Dans ses grandes lignes, la pensée de Berdiaev est conforme à la tradition du messianisme russe, mais un messianisme purifié et éclairé par la critique radicale des forces qui s'y opposent, y compris à travers la critique de l'institution ecclésiastique et de l'État, qu'il dénonce comme sources majeures d'aliénation spirituelle. Il privilégie une approche mystique du christianisme s'appuyant sur les Pères grecs (Grégoire de Nysse entre autres) et les mystiques occidentaux. Malgré les critiques nombreuses qu'il adresse à l'Église orthodoxe et au christianisme en général, il reste attaché à l'Église orthodoxe de tradition russe, jusqu'à la fin de sa vie.
Son existentialisme est en fait un « personnalisme communautaire », il est sévère pour toutes les formes d'organisation étatique, il veut un État humble et modeste, et valorise les liens communautaires de proximité. Avant l'heure il dénonce le monde de la machine et l'accélération du temps dans le monde moderne. Son œuvre est profondément marquée par la lecture de la Légende du Grand Inquisiteur que Dostoïevski met au centre des Frères Karamazov.
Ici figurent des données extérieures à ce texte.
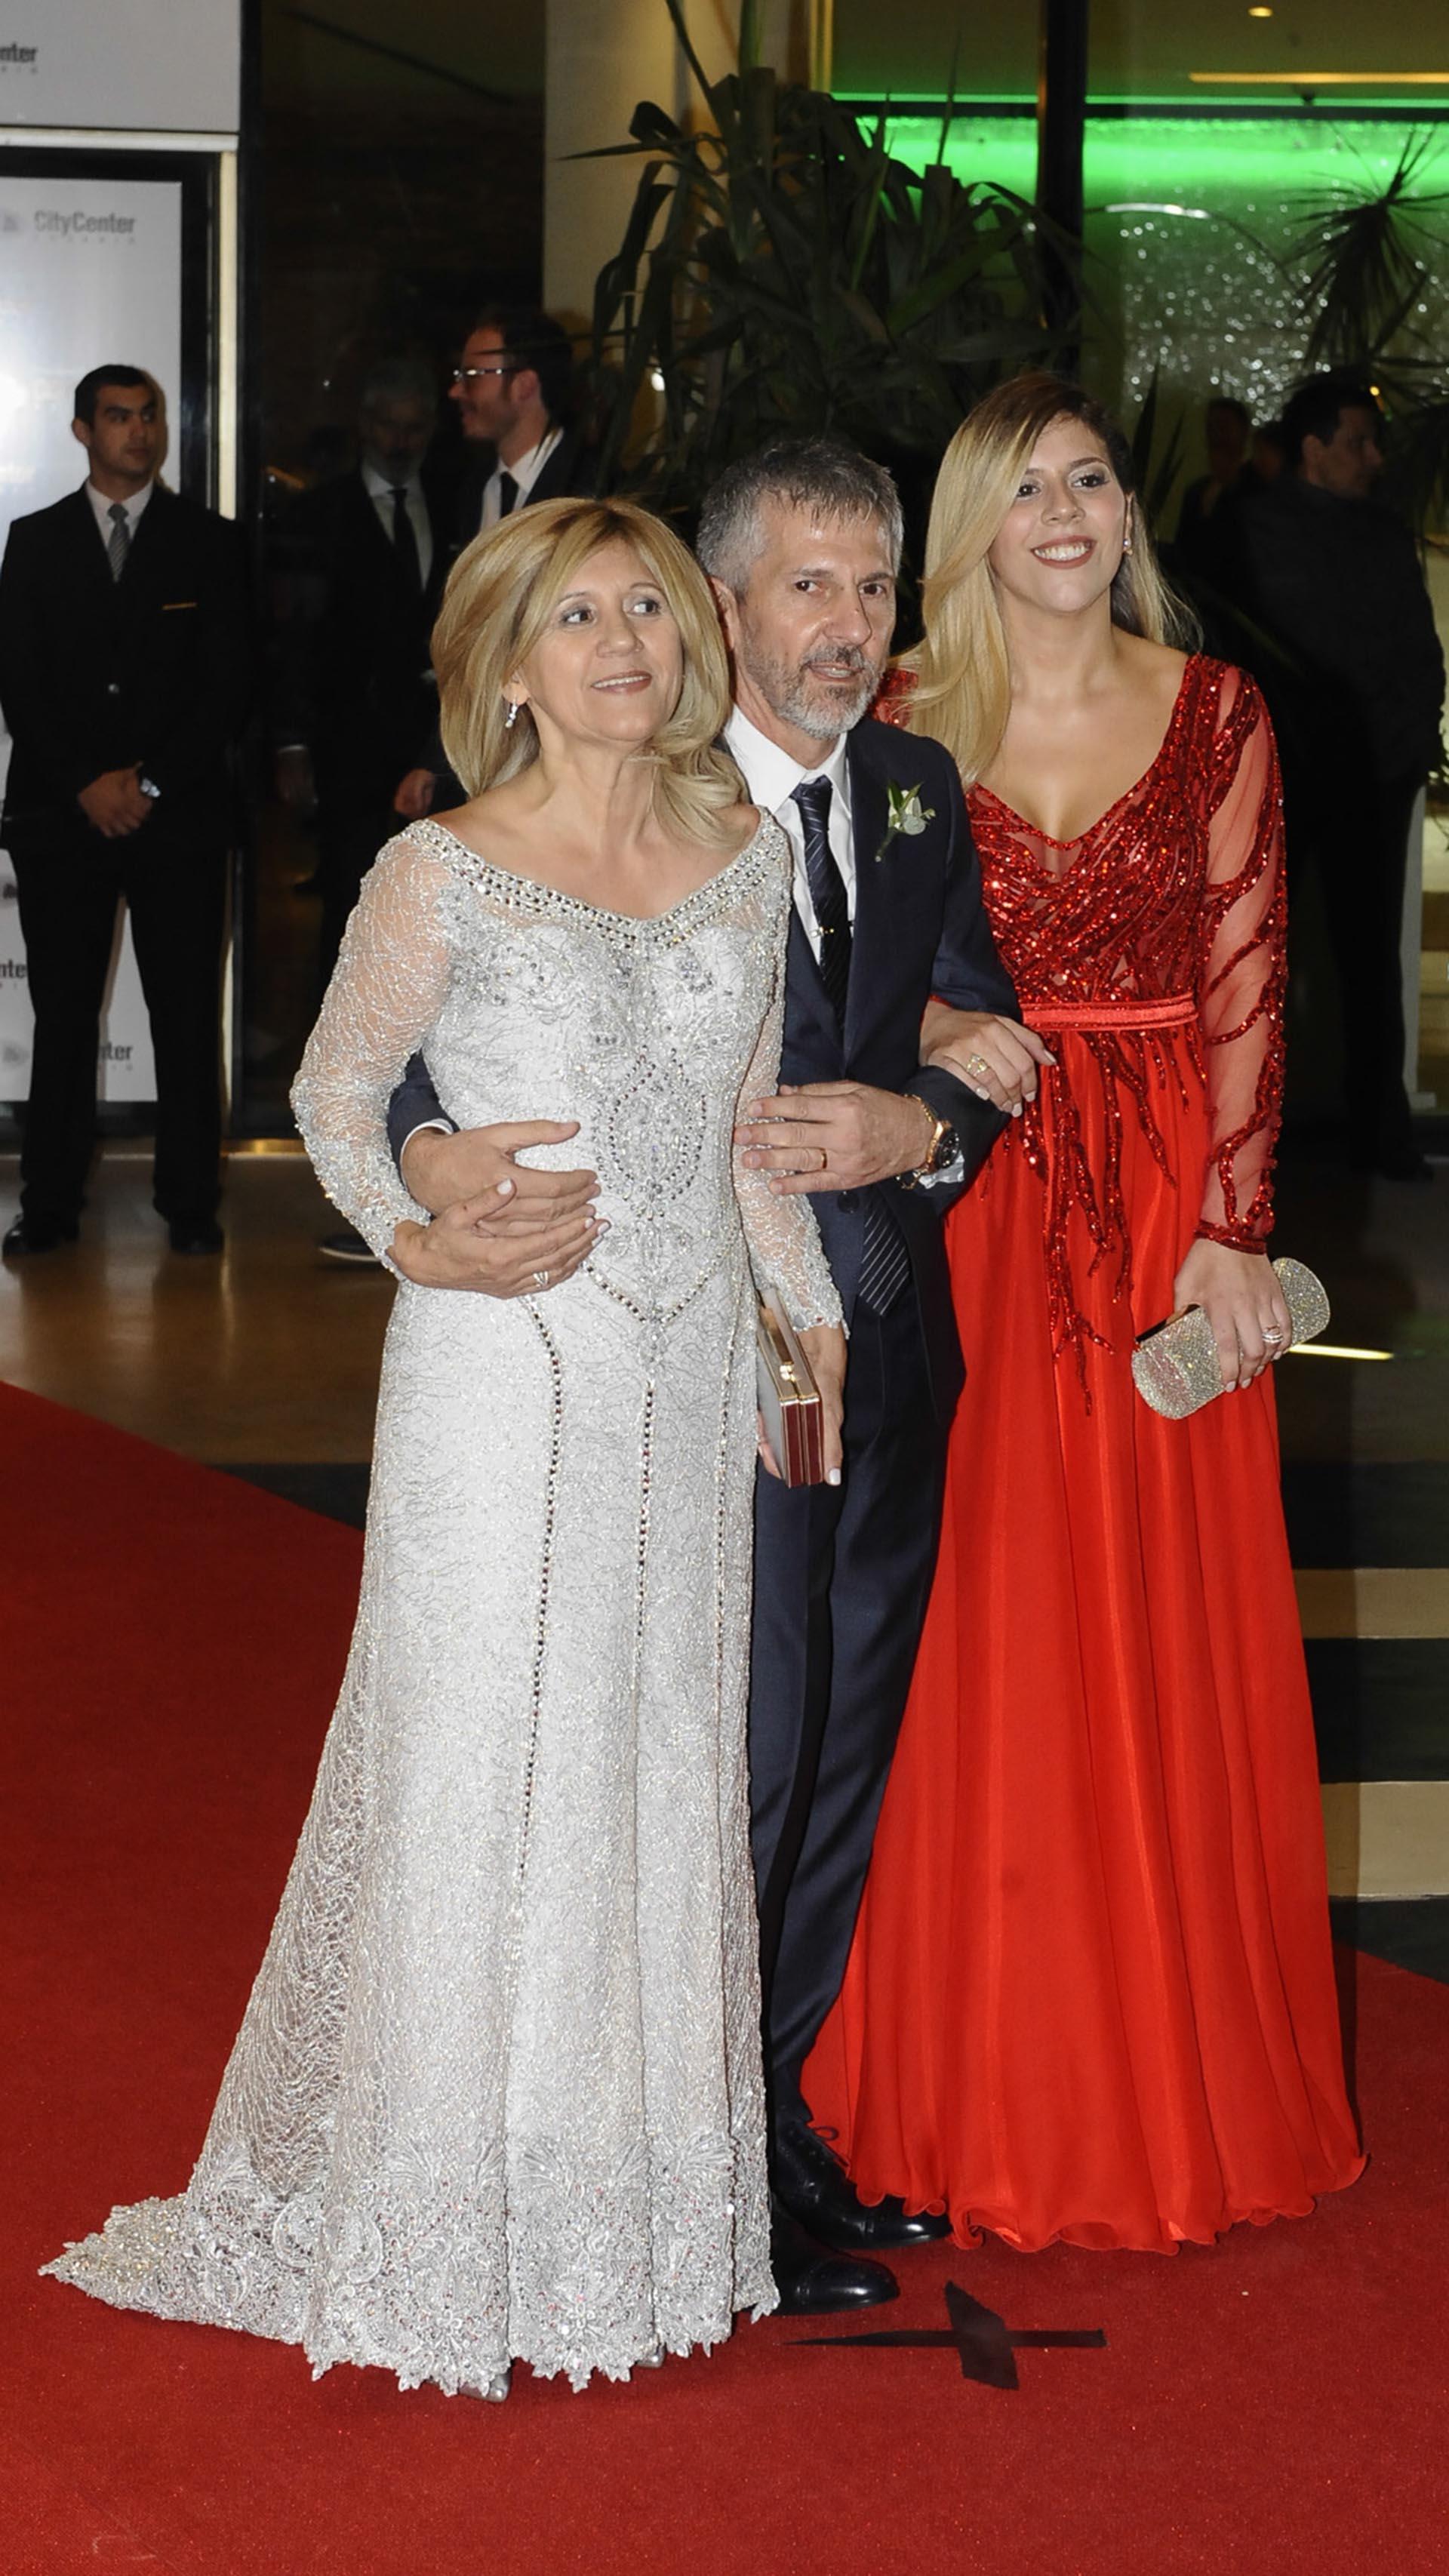 Los padres y la hermana menos de Lionel Messi: Celia María Cuccittini, Jorge Messi y María Sol Messi

Il est l'un des auteurs majeurs ayant très tôt analysé la crise de la modernité et annoncé la naissance d'une «nouvelle époque». Le retour à l'intériorité et au développement des liens communautaires sont pour lui la source qui caractérisera « cette nouvelle époque qui vient mais qui n'a pas encore de nom », écrit-il dès 1924.
Emmanuel Mounier avec lequel il travaille pour les premiers numéros de la revue Esprit lui a emprunté le concept de « personnalisme communautaire » et son opposition à « l'esprit bourgeois »[8].
La pensée de Berdiaev attire les personnes en quête de réflexion sur la crise de civilisation que nous connaissons, elle attire aussi les personnes en quête intérieure ; mystique, elle déroute ceux qui s'enferment dans une quête spirituelle strictement personnelle comme ceux qui veulent faire l'économie du travail de l'homme intérieur et ne penser qu'à une réforme de la société. Tout mouvement de mutation sociale, de transfiguration de la société n'a pour Berdiaev qu'un fondement personnaliste, une mutation profonde de l'individu et un mouvement d'accouchement de soi comme personne, comme personne divino-humaine appartenant à la communauté humaine, au cosmos et retrouvant le divin.
En , un colloque, placé sous l'égide de la mairie de Clamart, lui a rendu hommage. Les actes du colloque donnent un tableau assez complet de l'œuvre de Berdiaev et soulignent le regain d'intérêt actuel que sa pensée suscite tant en France et en Europe, qu'en Ukraine et en Russie[9].
Une citation de Berdiaev en français, concernant les utopies, figure en épigraphe de l'édition originale anglaise de Brave New World (Le Meilleur des mondes) d'Aldous Huxley[17].